### Directions for this task:
Each line in the material below, starting at the one with "Customer Benefit Package" and ending at the one with "FF Kievit Slab", is to be reproduced exactly; no picture is to be copied.

──────── Task inputs

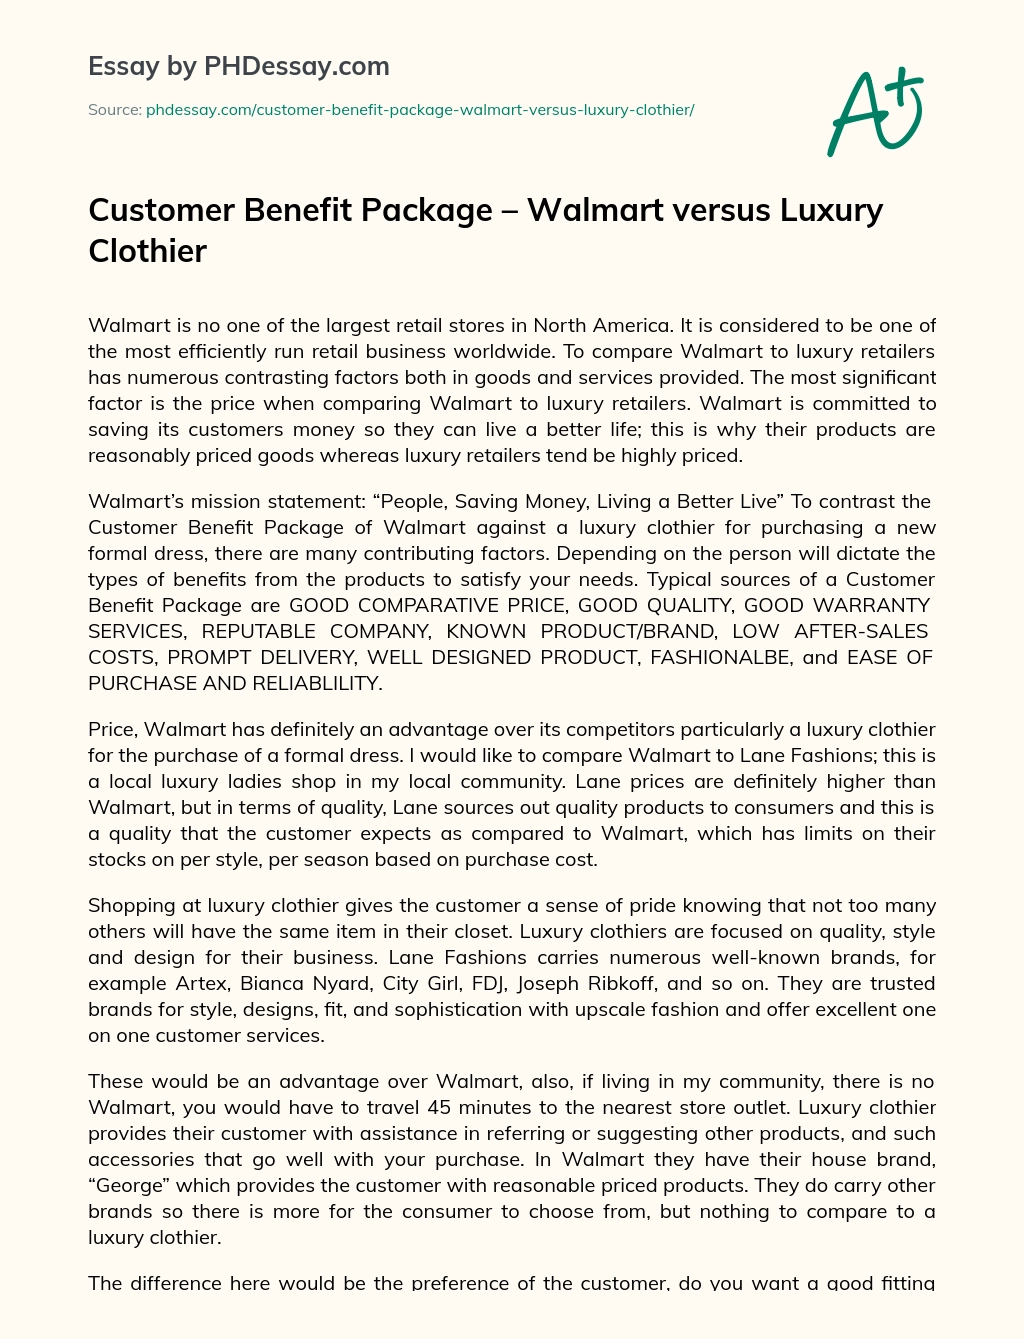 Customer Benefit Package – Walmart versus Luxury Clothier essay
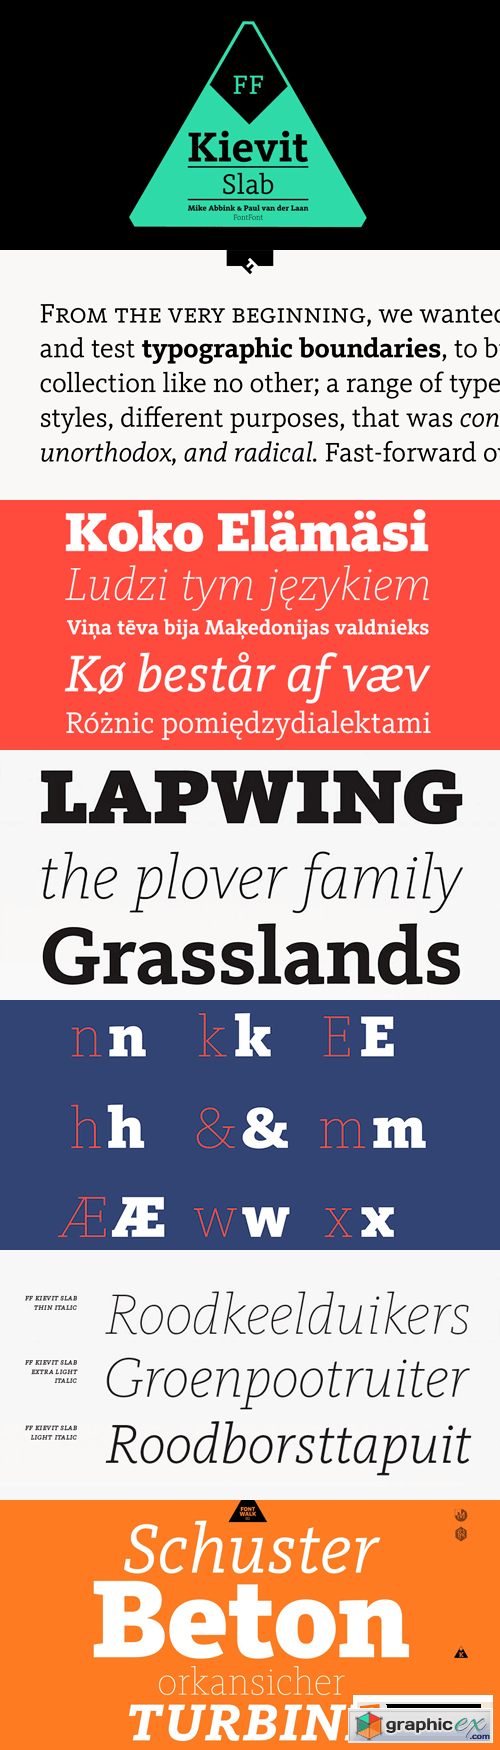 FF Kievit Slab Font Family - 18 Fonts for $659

────────────────
──────── Task inputs

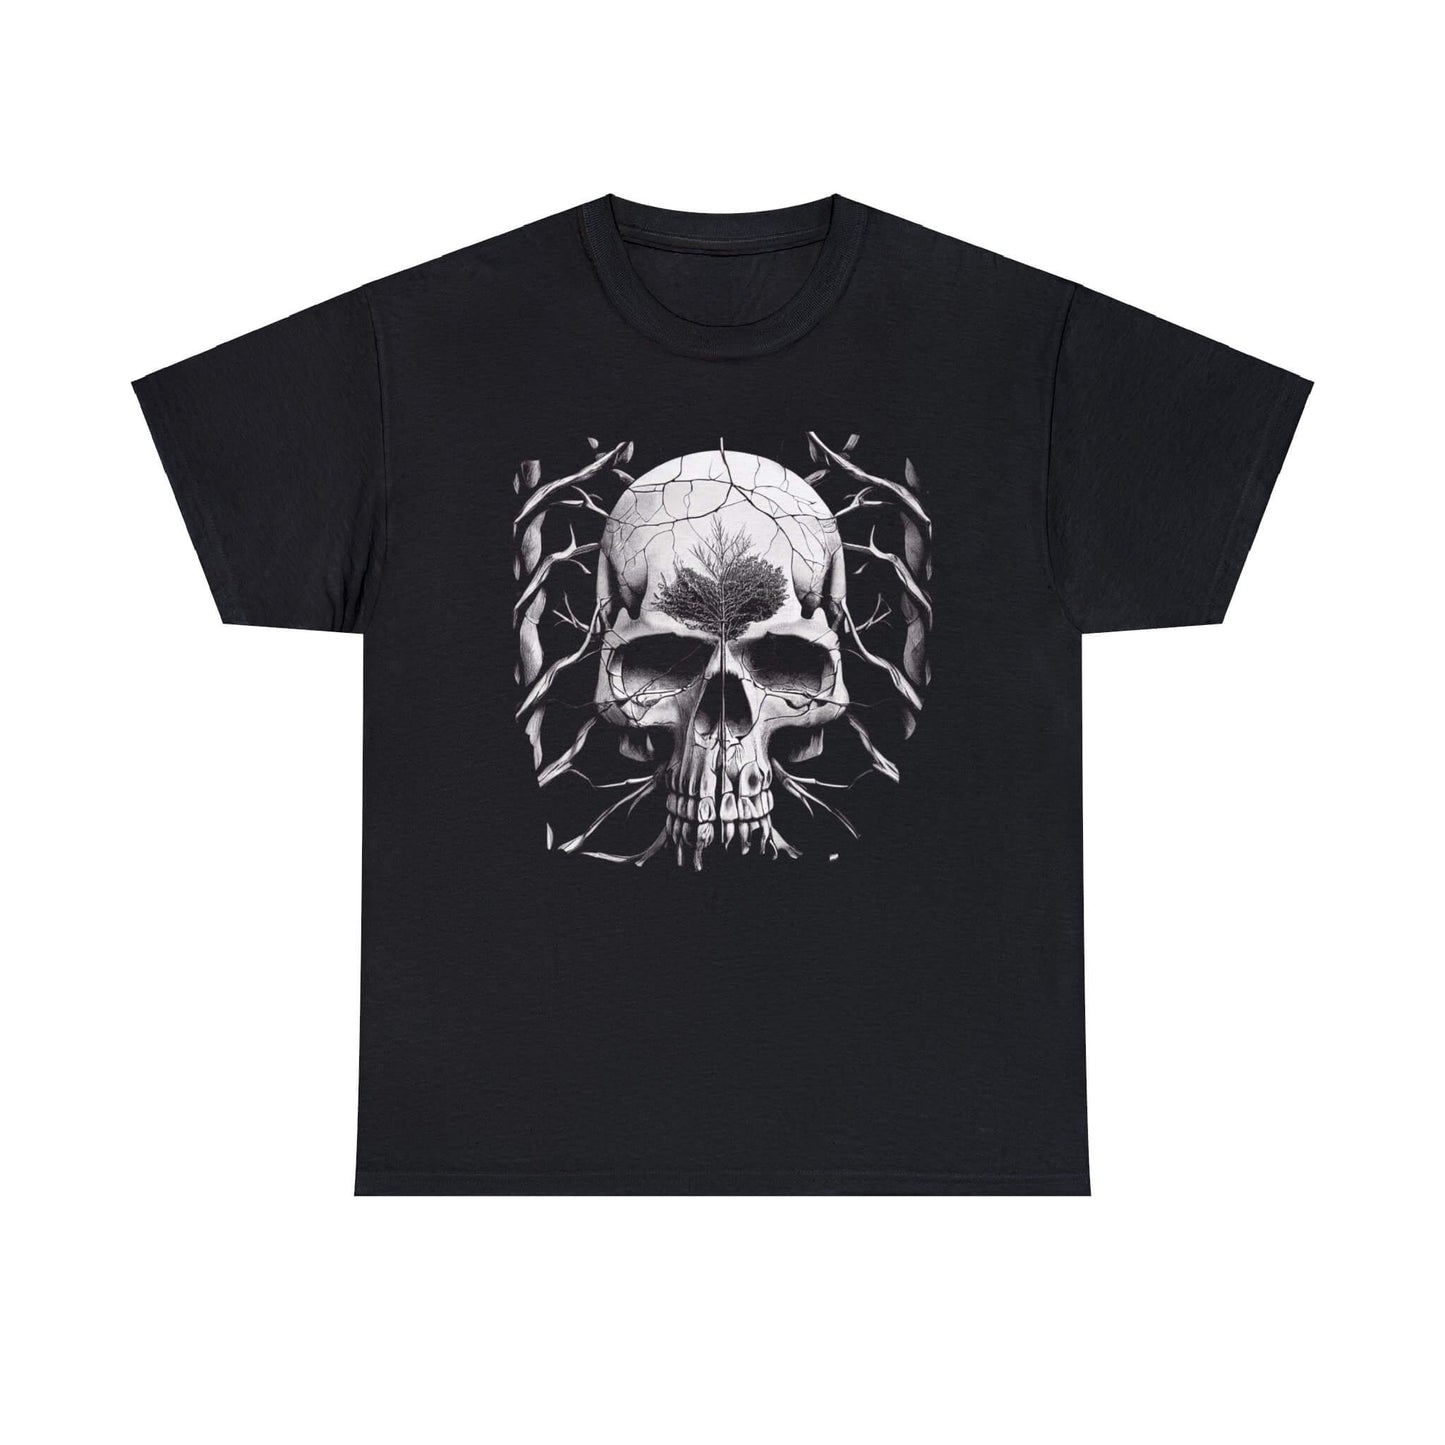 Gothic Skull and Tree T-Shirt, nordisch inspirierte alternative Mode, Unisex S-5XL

────────────────

### Exercise solution:
 Customer Benefit Package – Walmart versus Luxury Clothier essay
 FF Kievit Slab Font Family - 18 Fonts for $659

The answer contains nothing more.